Data provided:
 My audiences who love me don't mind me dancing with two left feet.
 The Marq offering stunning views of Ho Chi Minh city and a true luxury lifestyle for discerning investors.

--

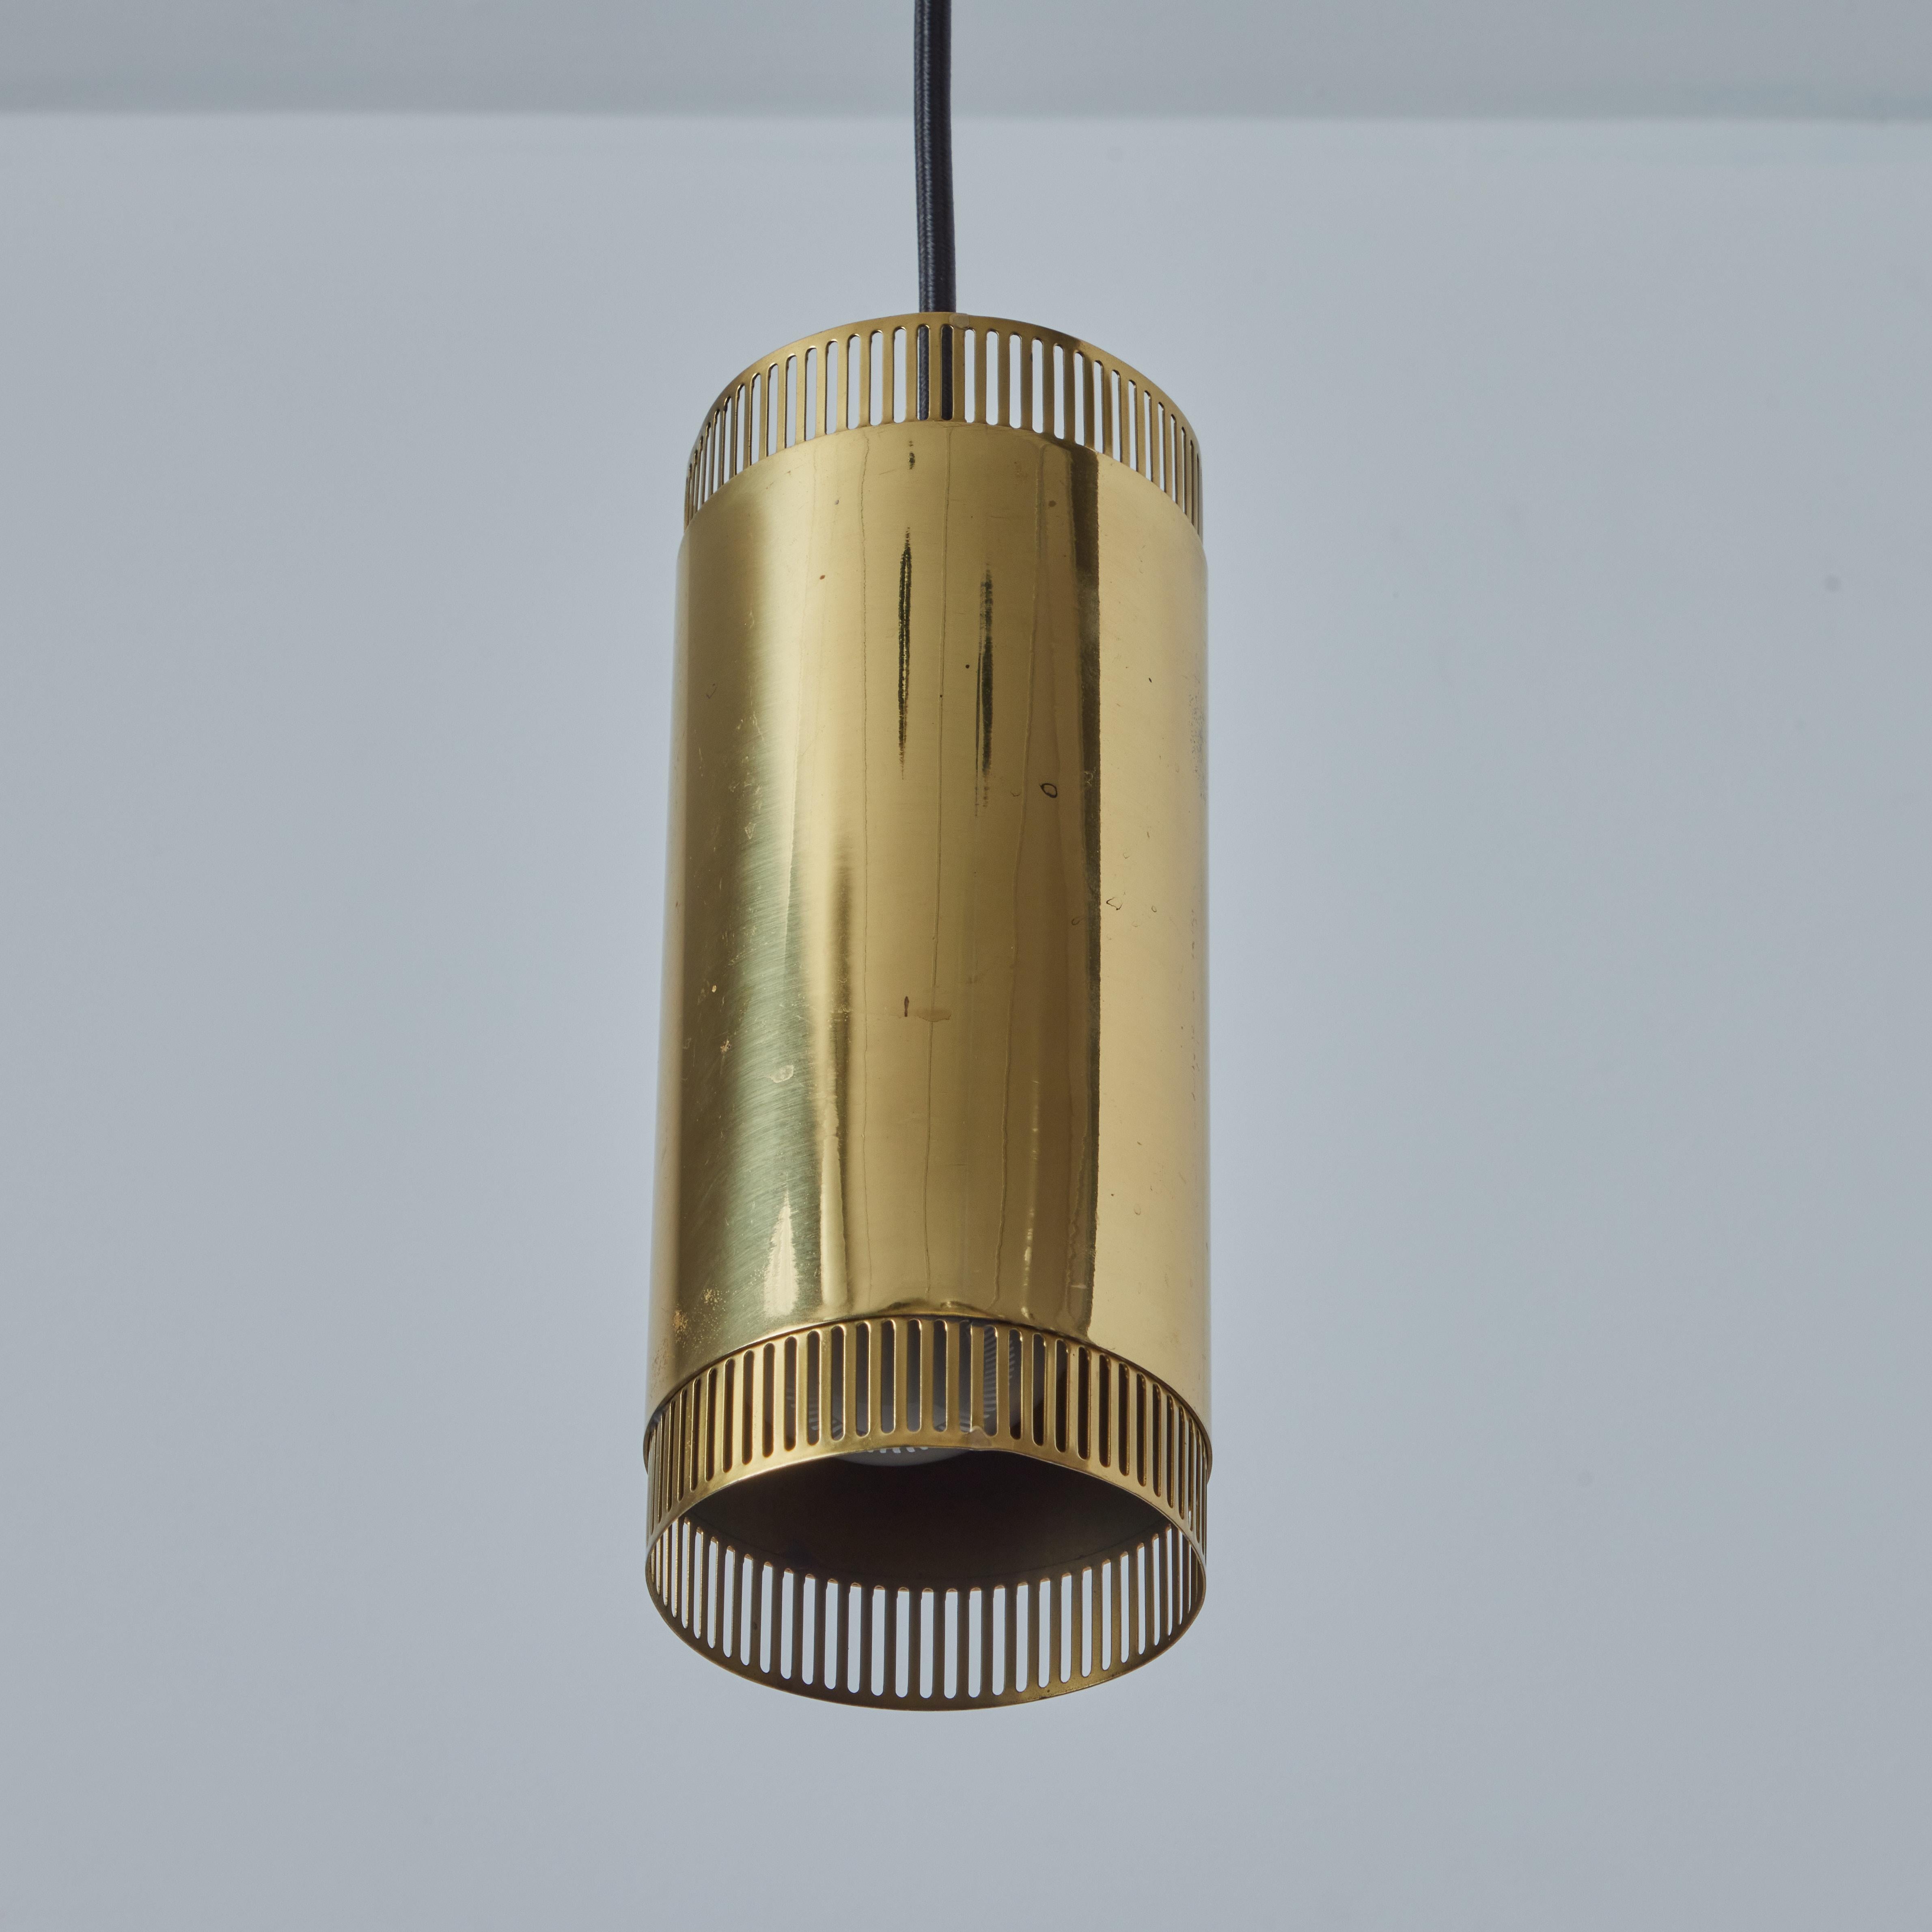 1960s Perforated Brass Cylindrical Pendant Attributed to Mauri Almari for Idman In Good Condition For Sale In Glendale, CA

---

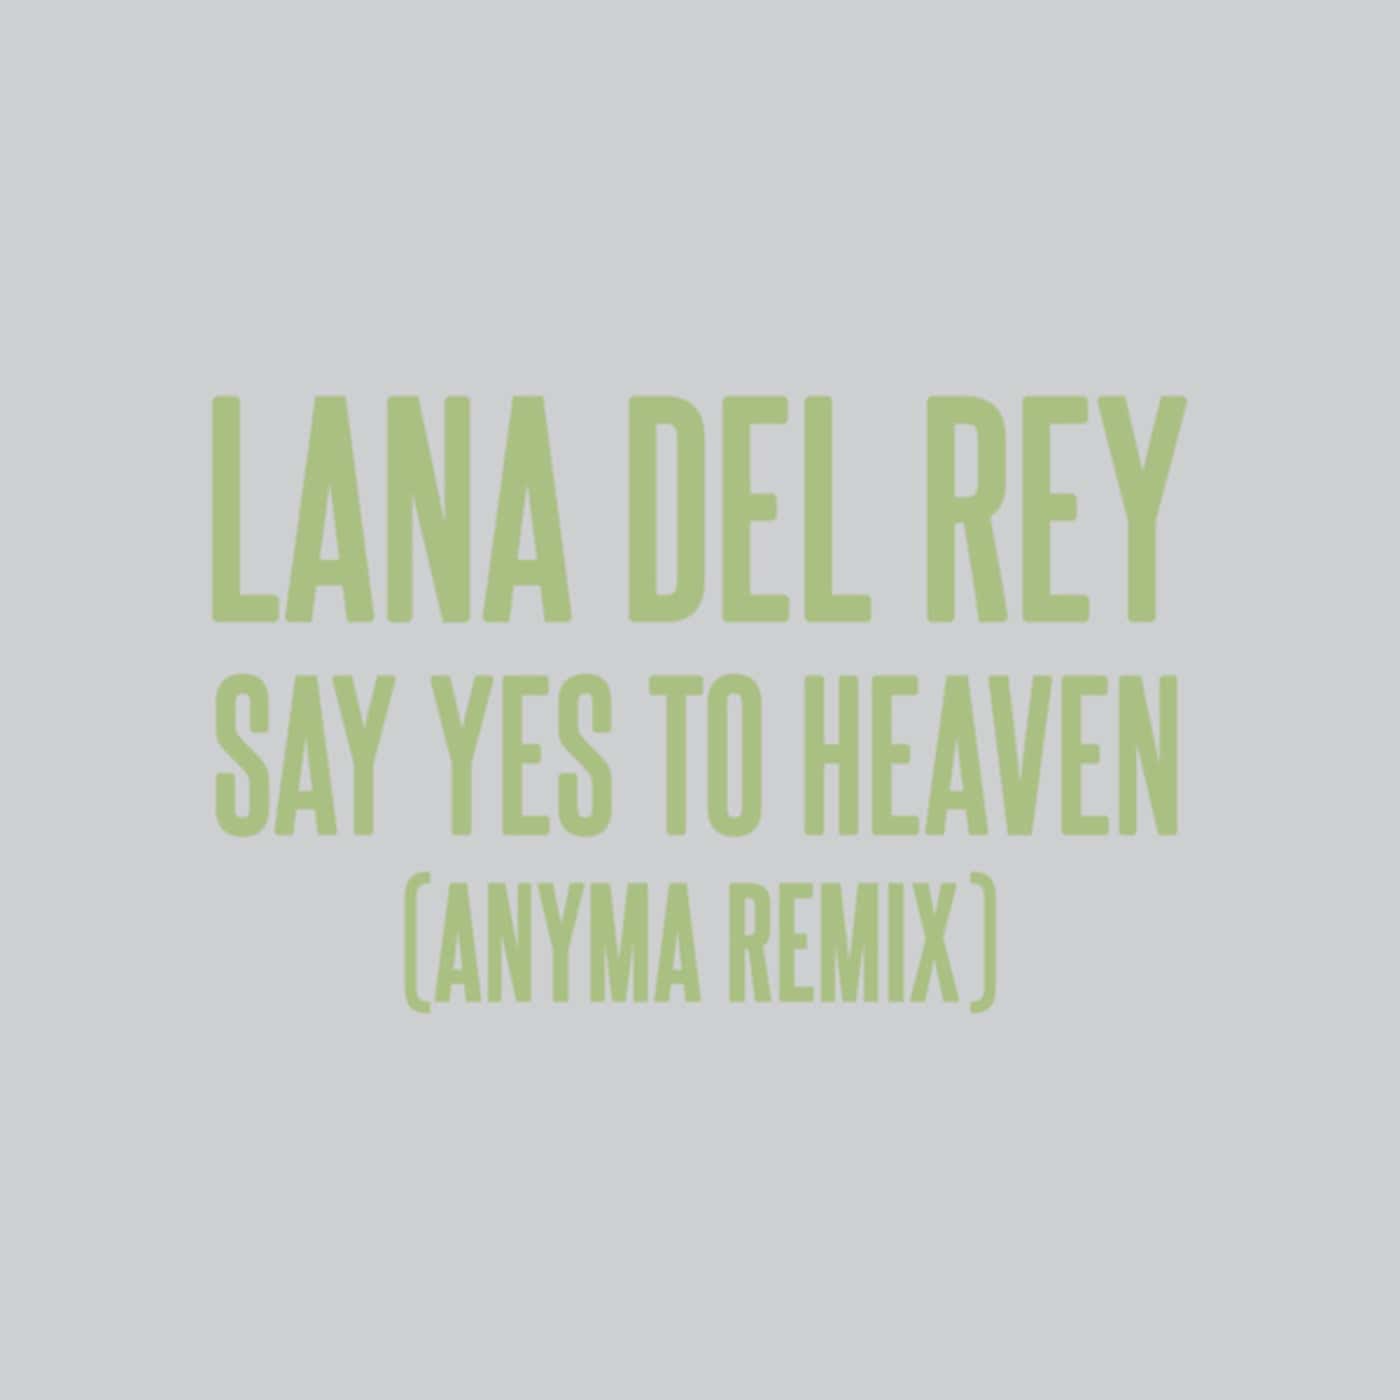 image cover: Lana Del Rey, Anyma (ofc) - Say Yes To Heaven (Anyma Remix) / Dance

Task description:
Here the output must be the lines above from the line with "My audiences who" to the line with "The Marq offering", both included, duplicated word for word and nothing else.

Final answer:
 My audiences who love me don't mind me dancing with two left feet.
 The Marq offering stunning views of Ho Chi Minh city and a true luxury lifestyle for discerning investors.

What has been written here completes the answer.